Requirement
What should come back is the data below, word for word, minus any picture.

Dataset extract
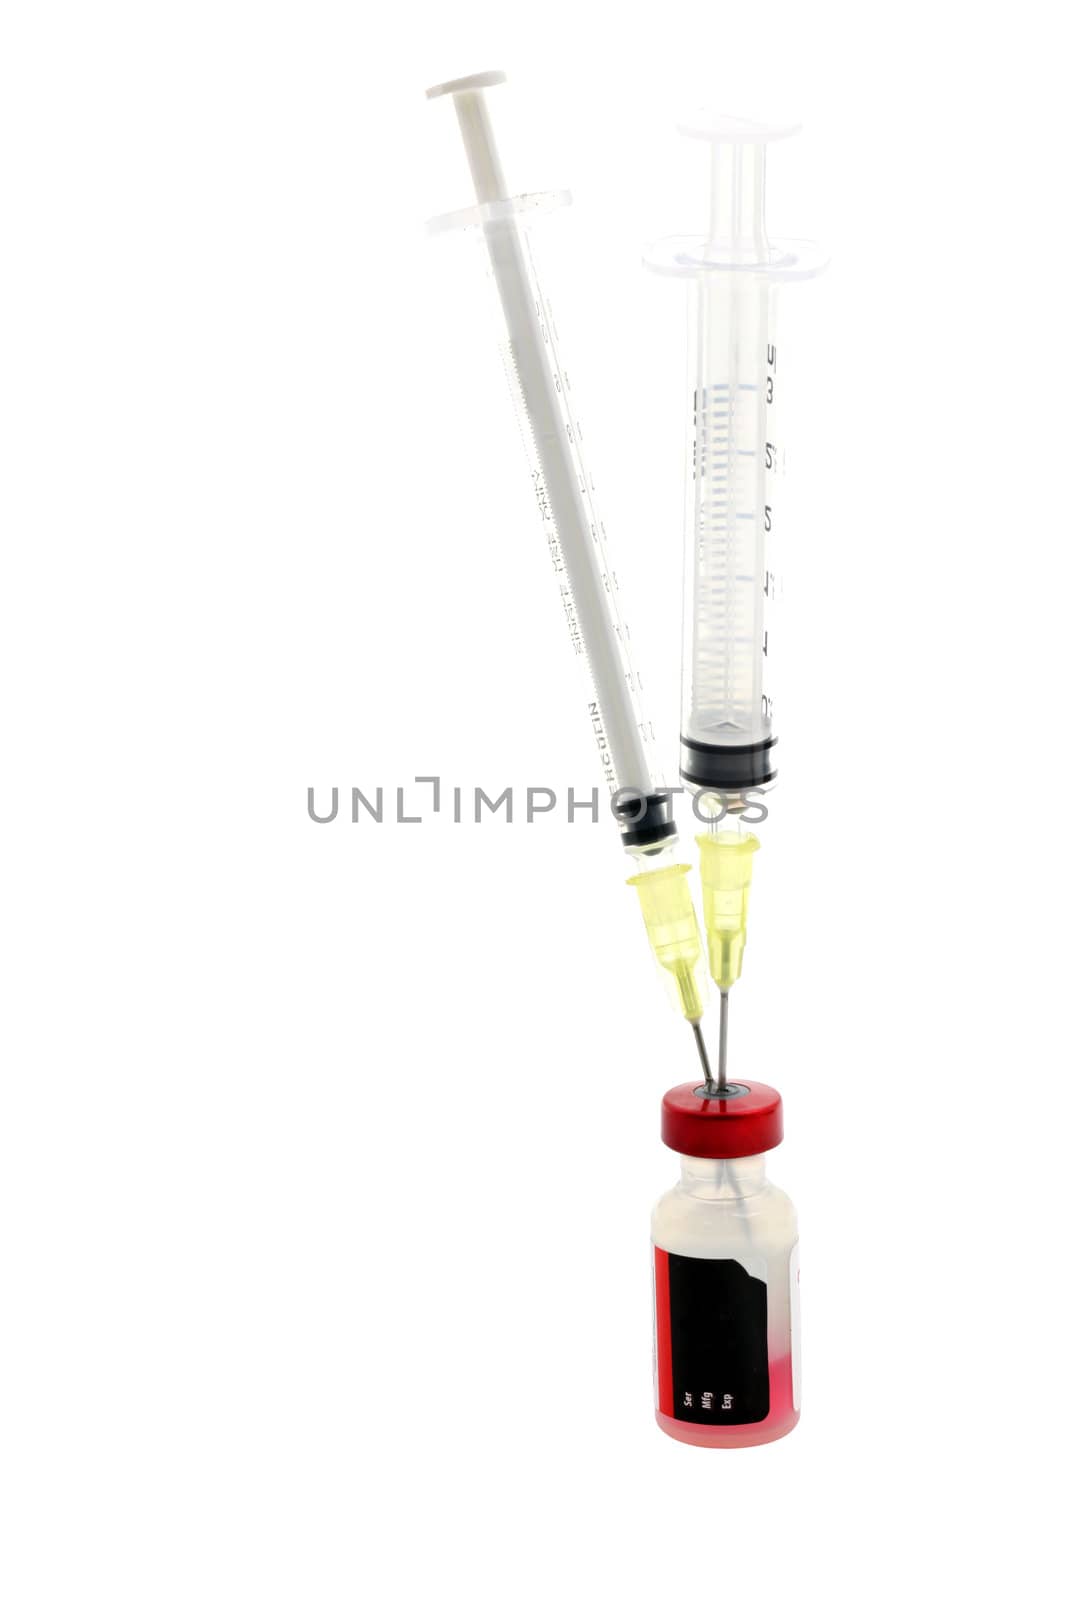 Medical Vaccine and Hypodermic Syringe isolated on white background
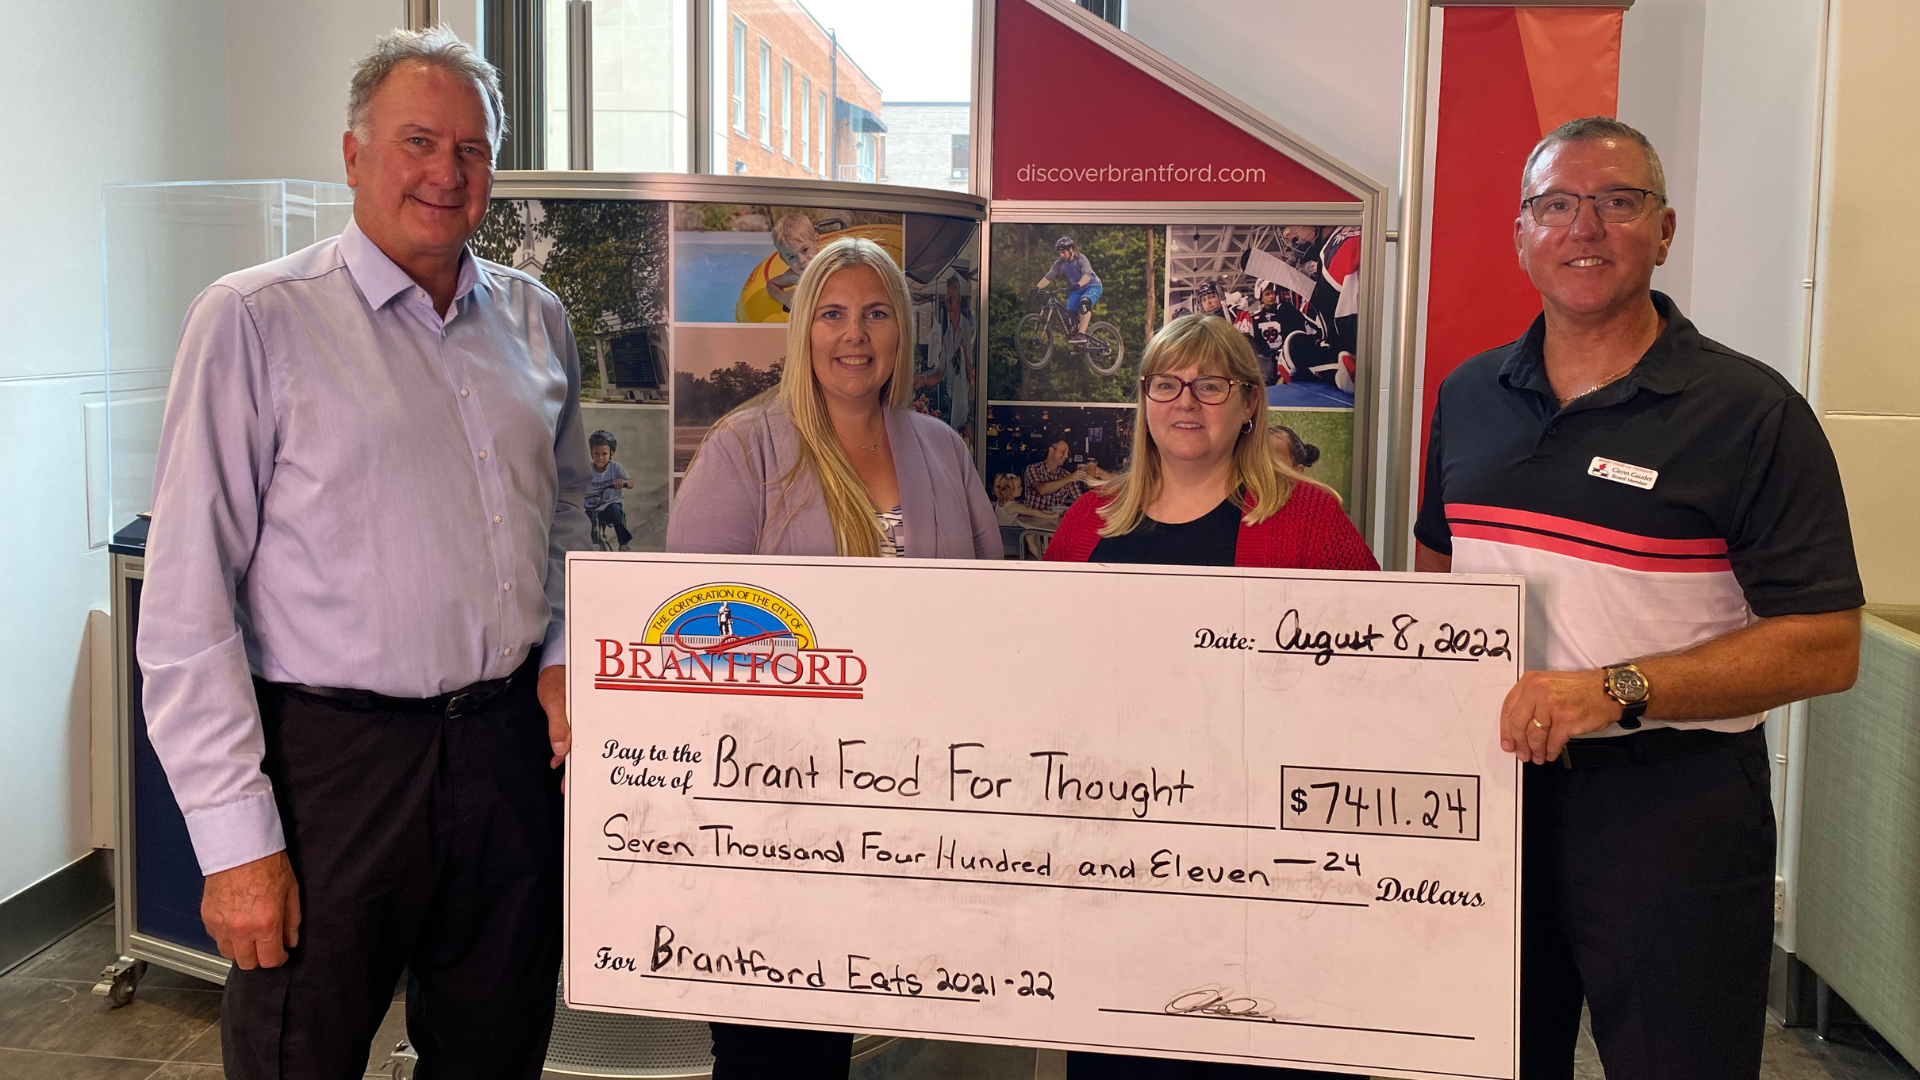 Mayor Kevin Davis presents a cheque for $7,411.24 to Brant Food for Thought for the total proceeds raised from Brantford Eats Local booklet sales.
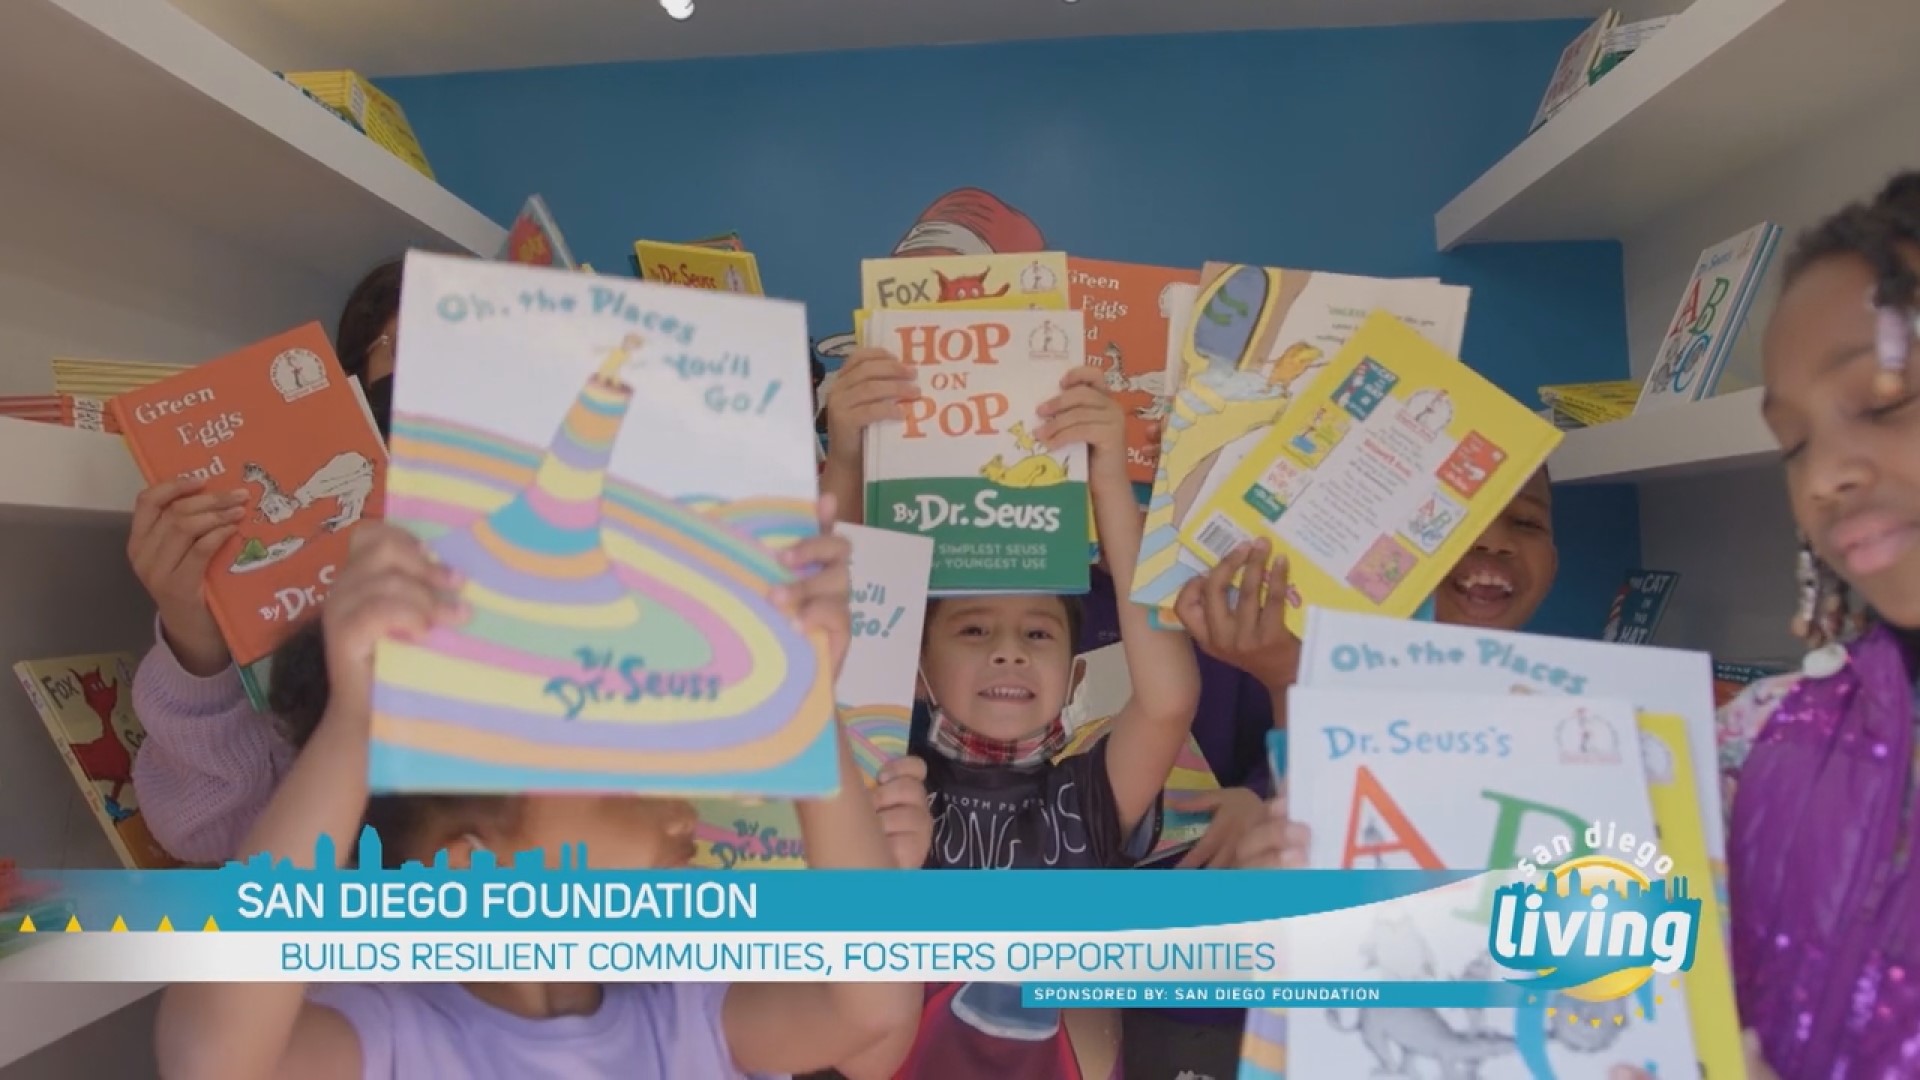 San Diego Foundation, Dr. Seuss Foundation Invest in Building Stronger Communities. Sponsored by: San Diego Foundation

Response
 Medical Vaccine and Hypodermic Syringe isolated on white background
 Mayor Kevin Davis presents a cheque for $7,411.24 to Brant Food for Thought for the total proceeds raised from Brantford Eats Local booklet sales.
 San Diego Foundation, Dr. Seuss Foundation Invest in Building Stronger Communities. Sponsored by: San Diego Foundation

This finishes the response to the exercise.